Part of the proof that Japanese Americans and Black Americans got along is captured in a wedding photo. Lewis Watts, a professor emeritus at the University of California, Santa Cruz, found the photo while collecting images from that era of Japantown’s history, and published it in “Harlem of the West: The San Francisco Fillmore Jazz Era” with Elizabeth Pepin Silva.
“Everyone asks, ‘What happened when the Japanese came back?’” Watts told the Nichi Bei News. “And there’s a picture, … this Japanese wedding, and the wedding party is all African American, so that picture answered a whole bunch of questions.”
Long, who had worked on immigration and refugee stories through BBC Radio, The Guardian and The Washington Post, is an immigrant herself to San Francisco from the United Kingdom. She started the virtual California Migration Museum during the “darkest days of the pandemic” when the skies were blotted out with smoke from the 2020 wildfires.
“I had worked on migration and refugee issues for over a decade and had a background in history and public storytelling, and so wanted to start creating something that was sort of an on the ground project,” she said.
Her organization has published similar tours for Chinatown, the Castro and the Mission District in San Francisco. She noted the Japantown tour was funded in part through grants from the California State Library and California Humanities. She said the next tour will take place in Los Angeles. Each tour covers specific moments in history, however, she recognized recurring themes about the immigration experience.
“The challenge has been, how do we make it something which speaks to those universals, which I think so many people in the Bay Area are. One-in-three of us are immigrants and even more are the children of immigrants. How do we make it something that speaks to that experience, at the same time as recognizing that each of those histories is complex and messy and different and have all these other bits that are important to tell faithfully to the story of that community, or those people, in … 45 minutes. And recognizing that, that’s always going to be a challenge.”
To download the free tour search for the “CalMigration” app on Google Play or the Apple App Store.

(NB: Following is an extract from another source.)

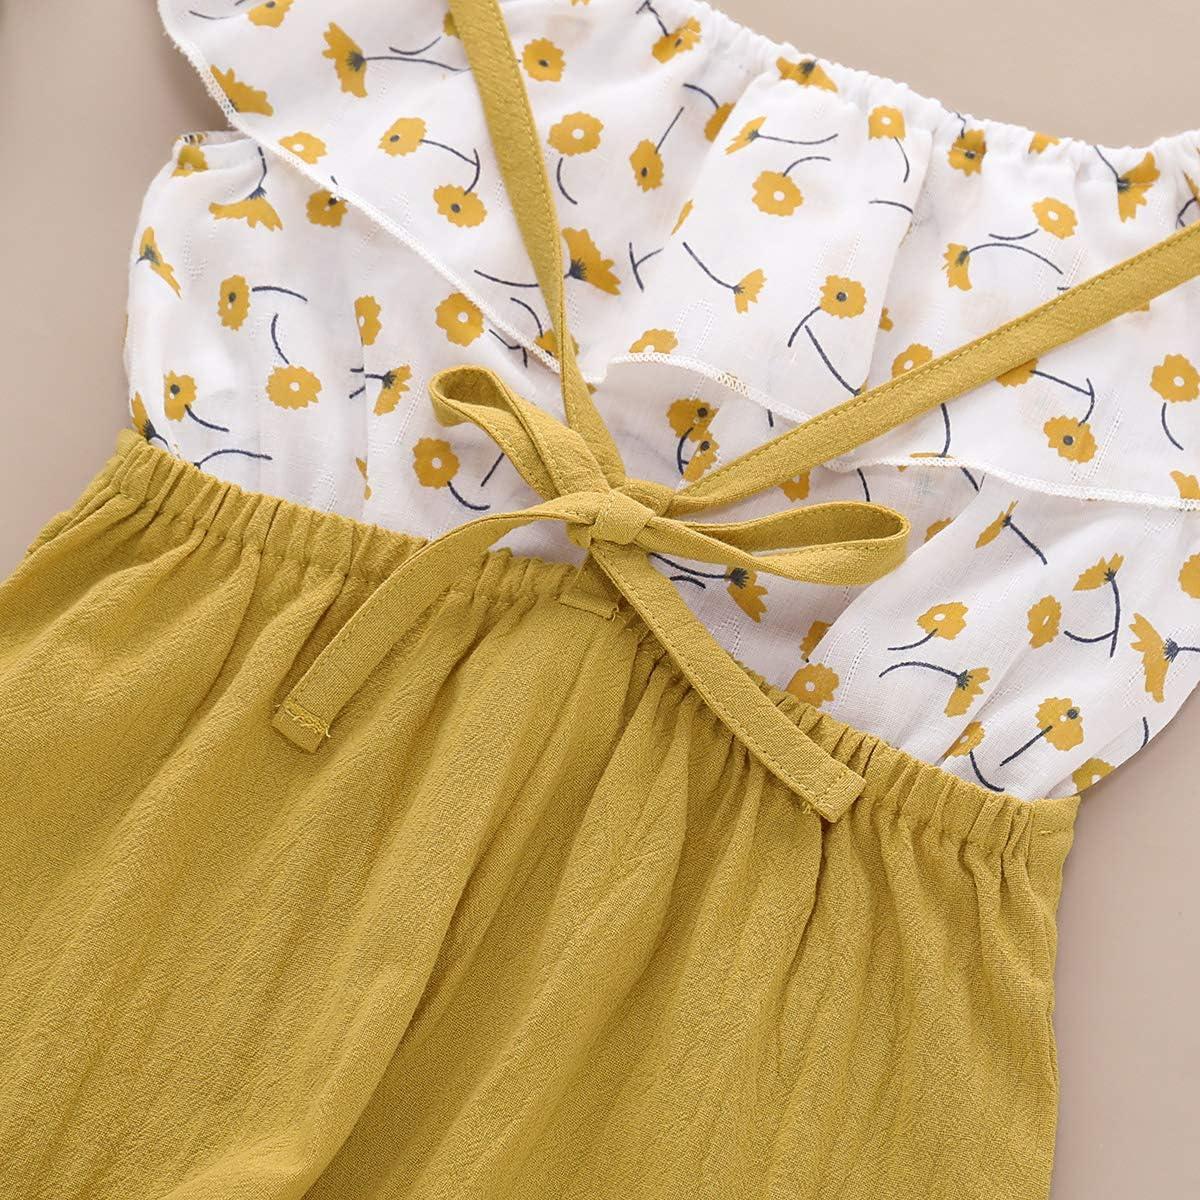 DaMohony con motivo floreale Completino da neonato per bambina salopette tutina maglietta senza maniche

The tour takes 45 minutes and requires walking down the hill from Octavia and Pine Streets to Sutter and Buchanan Streets for a total of around half a mile.

Tomo Hirai is a Shin-Nisei Japanese American lesbian trans woman born in San Francisco and raised in Walnut Creek, Calif., where she continues to reside. She attended the San Francisco Japanese Hoshuko (supplementary school) through high school and graduated from the University of California, Davis with degrees in Communications and Japanese, along with a minor in writing. She serves as a diversity consultant for table top games and comic books in her spare time.